Associated Press 05-09-06

Update 4: Analysis: Both Sides Critical of Bush Pick

By TOM RAUM

Once again, President Bush may have misjudged the extent of GOP resistance to one of his decisions. His nomination of a four-star general to serve as CIA director has drawn complaints from Republican and Democratic lawmakers alike.

The administration's shake-up, under way since late March, was expected to improve White House dealings with Congress. Yet Bush's selection of Air Force Gen. Michael Hayden to head the troubled spy agency, three days after he announced the resignation of Porter Goss, seems to have caught some top Republicans by surprise.

That includes Rep.Pete Hoekstra of Michigan, the chairman of the House Intelligence Committee, who said Hayden "is the wrong person at the wrong place at the wrong time."

Bush defended his choice against such criticism, saying Hayden was "the right man to lead the CIA at this critical moment in our nation's history." And most top Republicans voiced support for the nomination.

But grumbling in some GOP quarters seemed likely to persist, fueled in part by Republican concern over Bush's declining approval ratings.

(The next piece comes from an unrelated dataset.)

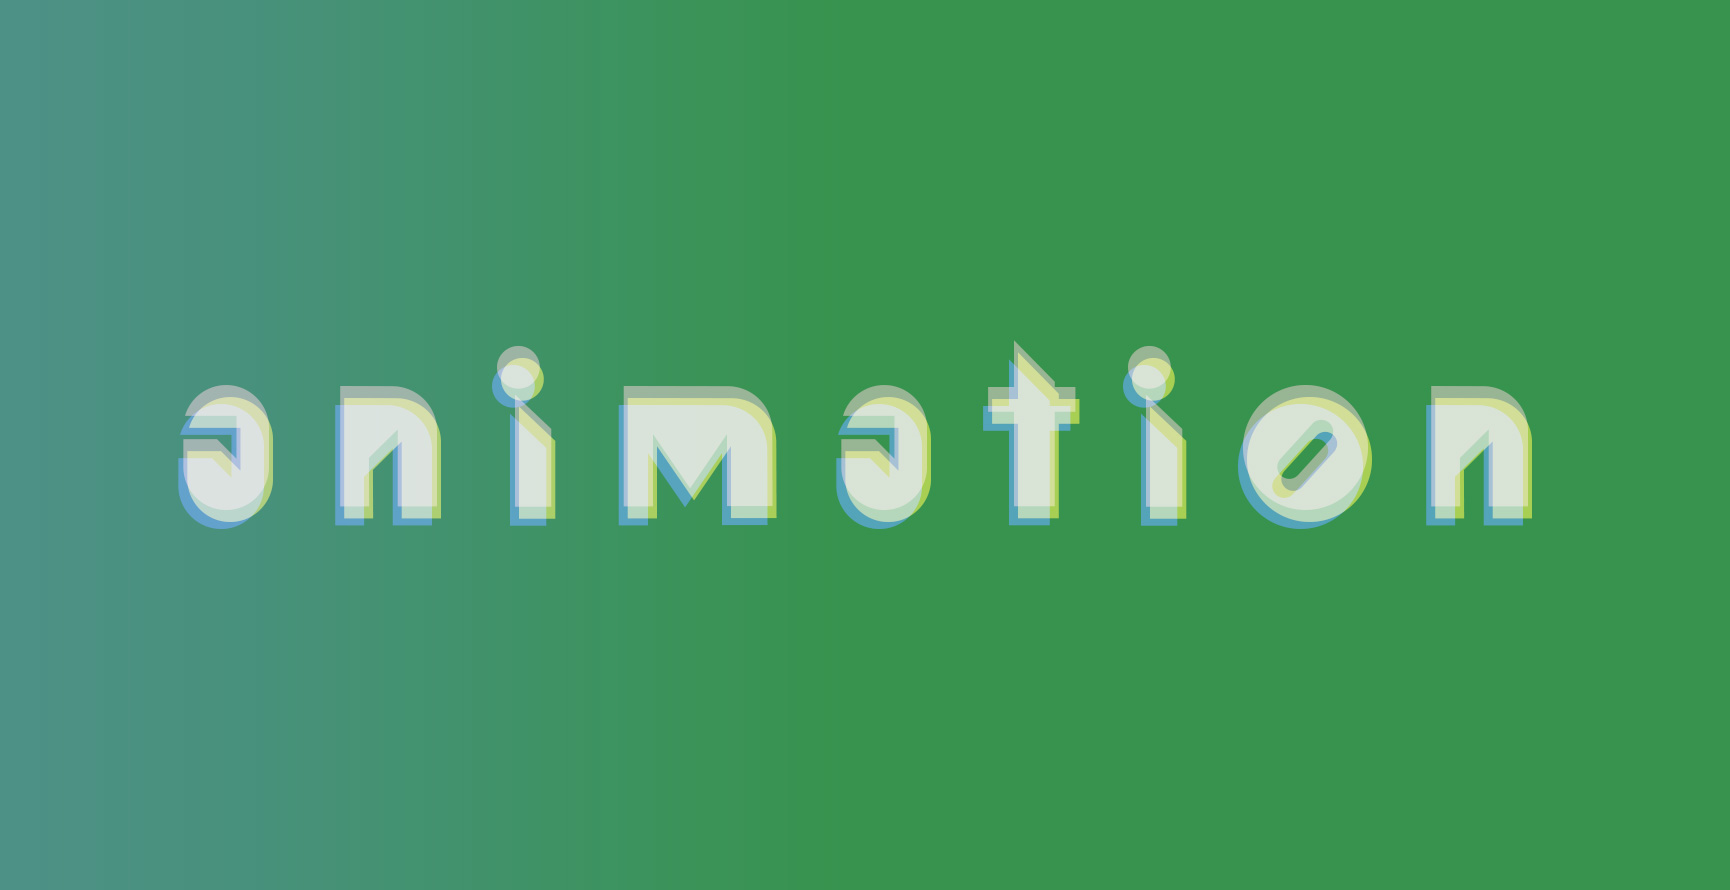 Adobe XDの自動アニメーションを使いこなして動きのあるプロトタイプを作ろう!

Those ratings - at 33 percent in a recent AP-Ipsos poll, the lowest of his presidency - have emboldened Republicans to speak out when they don't agree with the president, something that didn't happen during Bush's first term.

Congressional Republicans have been battered by a string of White House woes.

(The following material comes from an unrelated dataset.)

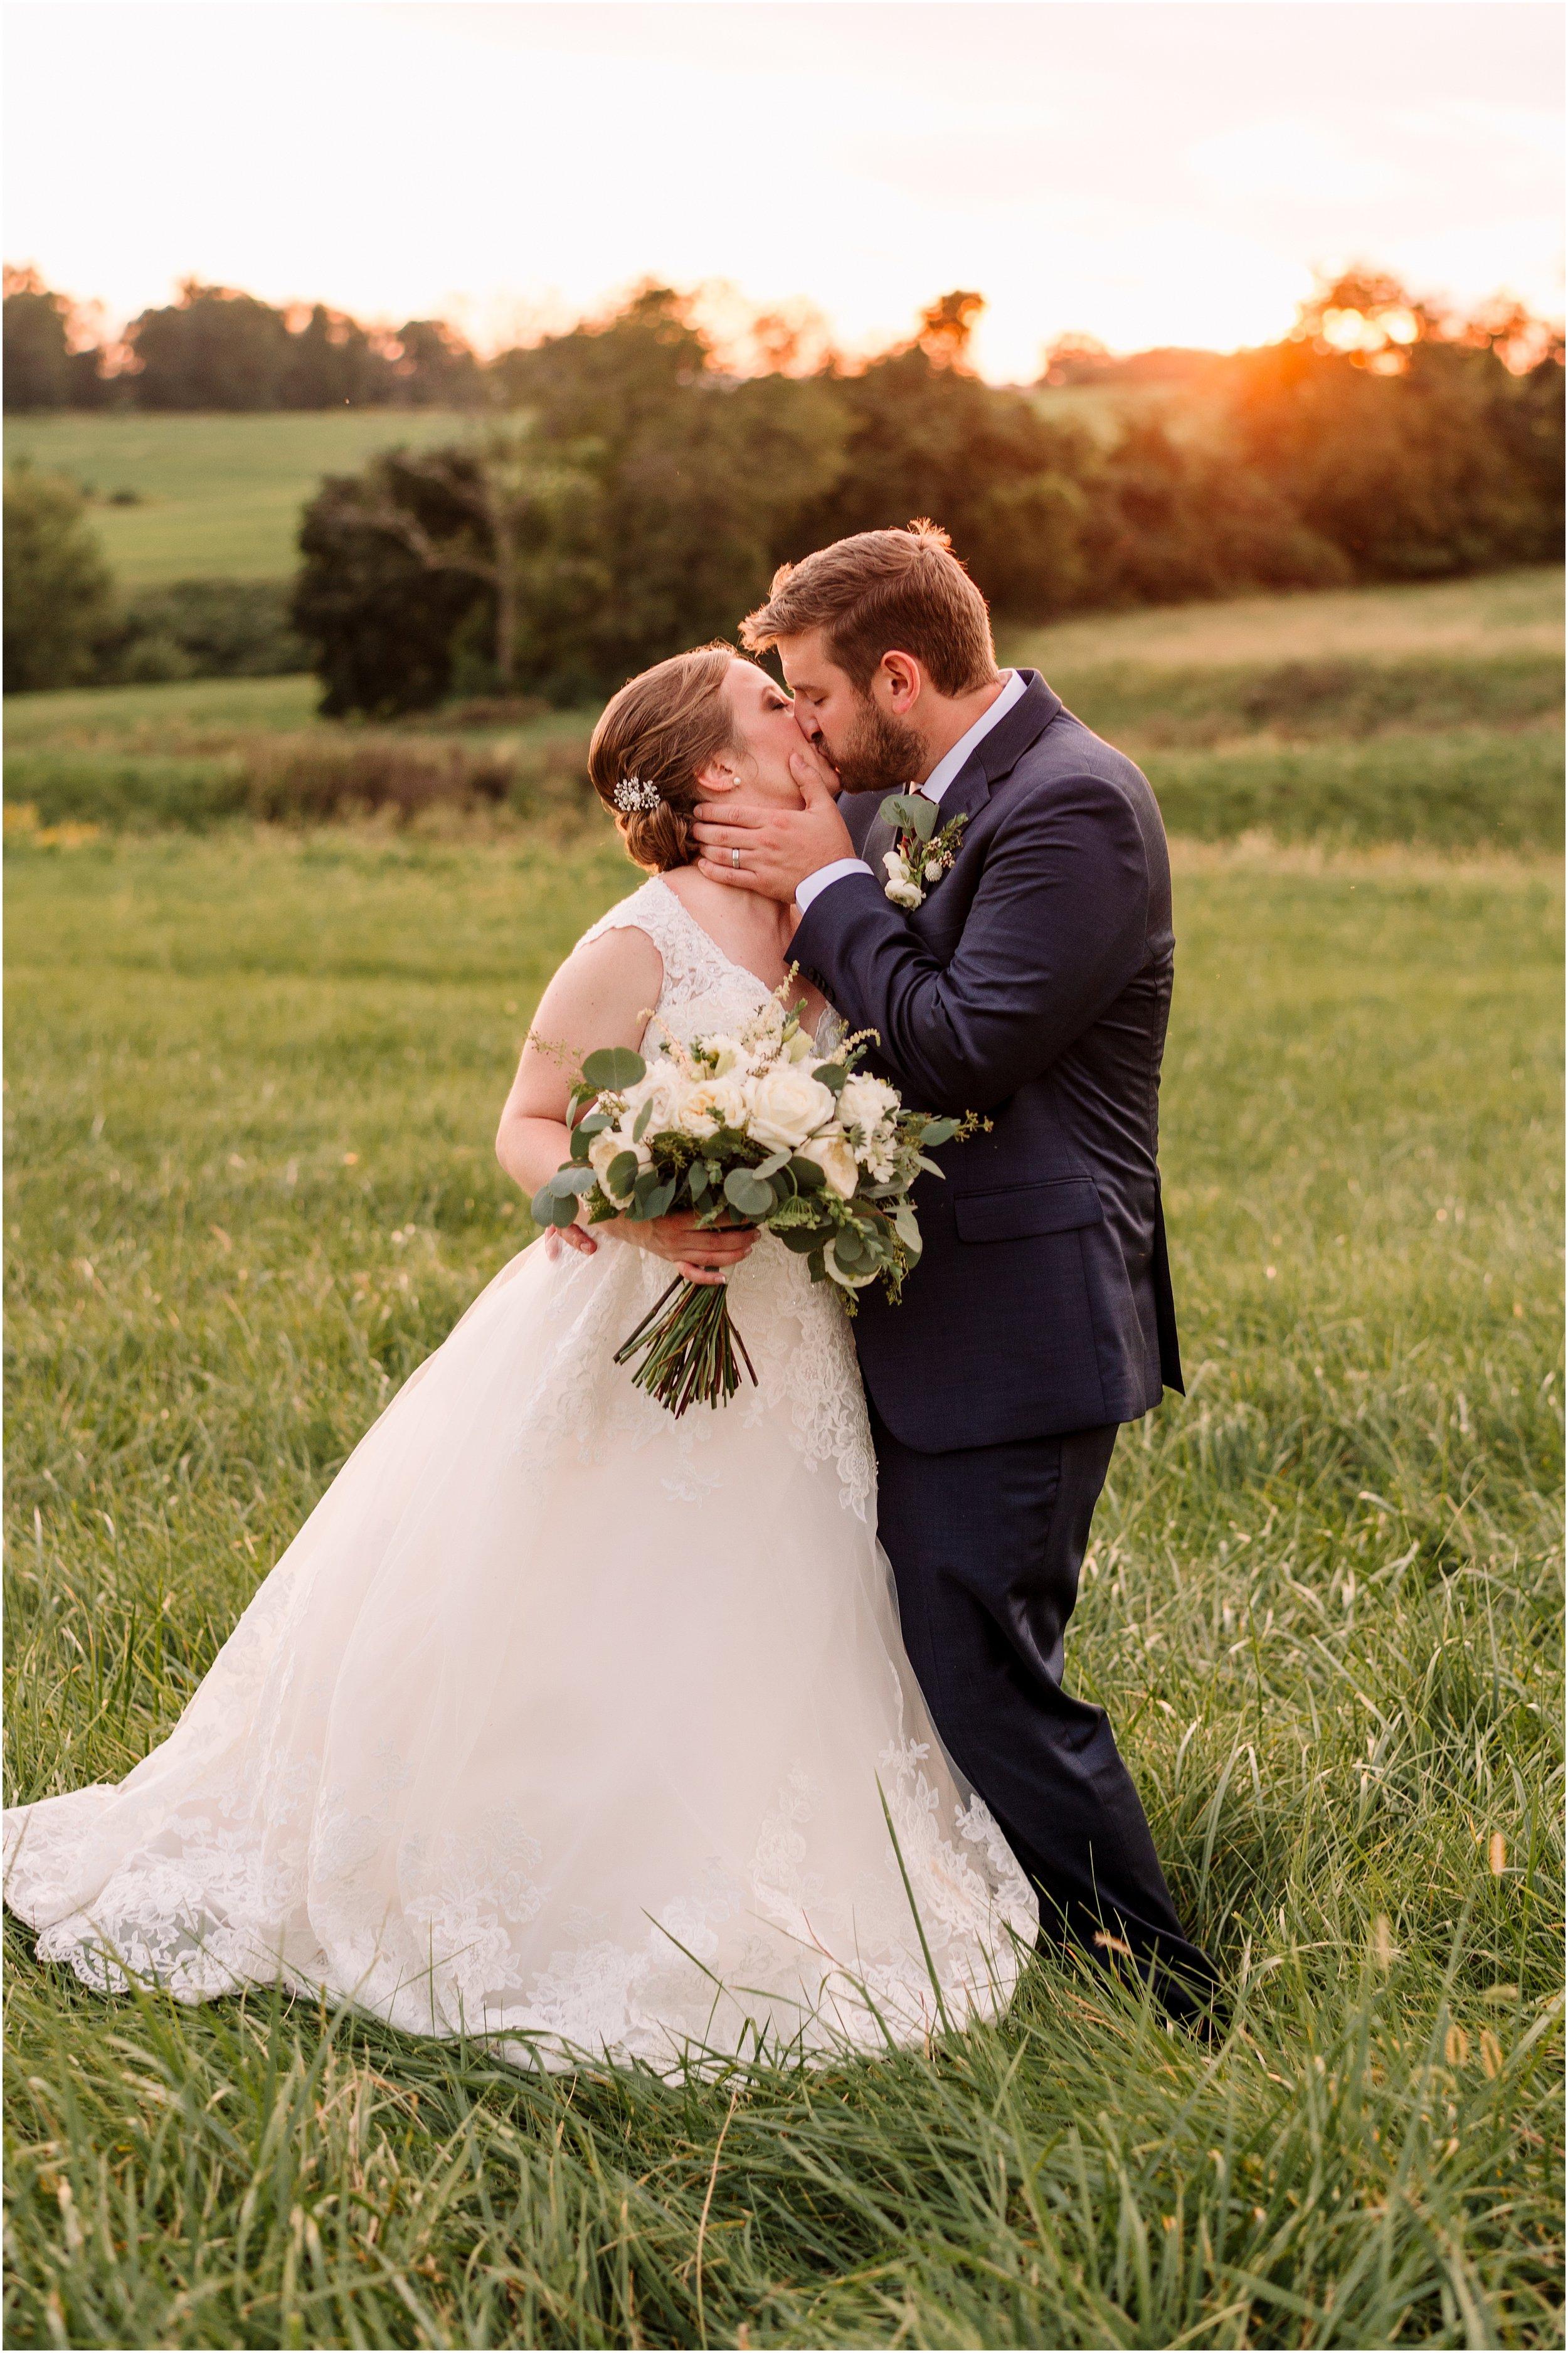 hannah leigh photography Wyndridge Farm Wedding York PA_1560.jpg

These include the fumbled handling of Hurricane Katrina; unhappiness about Iraq; opposition to the now-abandoned Dubai ports deal; the failed nomination of Harriet Miers to the Supreme Court; Bush's inability to achieve the centerpiece of his domestic agenda, an overhaul of Social Security, and the uproar over a secret eavesdropping program in the war on terrorism.

The fact that Hayden oversaw the surveillance program as director of the National Security Agency only keeps the controversy alive, with questions over it likely to figure prominently at his Senate confirmation hearings. He headed the NSA from 1999-2005.

"If he interprets the law as he appears to be interpreting it, I think it's bad for the country to have the chief of intelligence having telephones in the United States monitored without somebody else approving it," said retired Adm. Stansfield Turner, who was CIA chief during the Carter administration.

Otherwise, Turner characterized Hayden as "very qualified and very capable" and said he personally has no problems with giving the civilian job to an active military officer.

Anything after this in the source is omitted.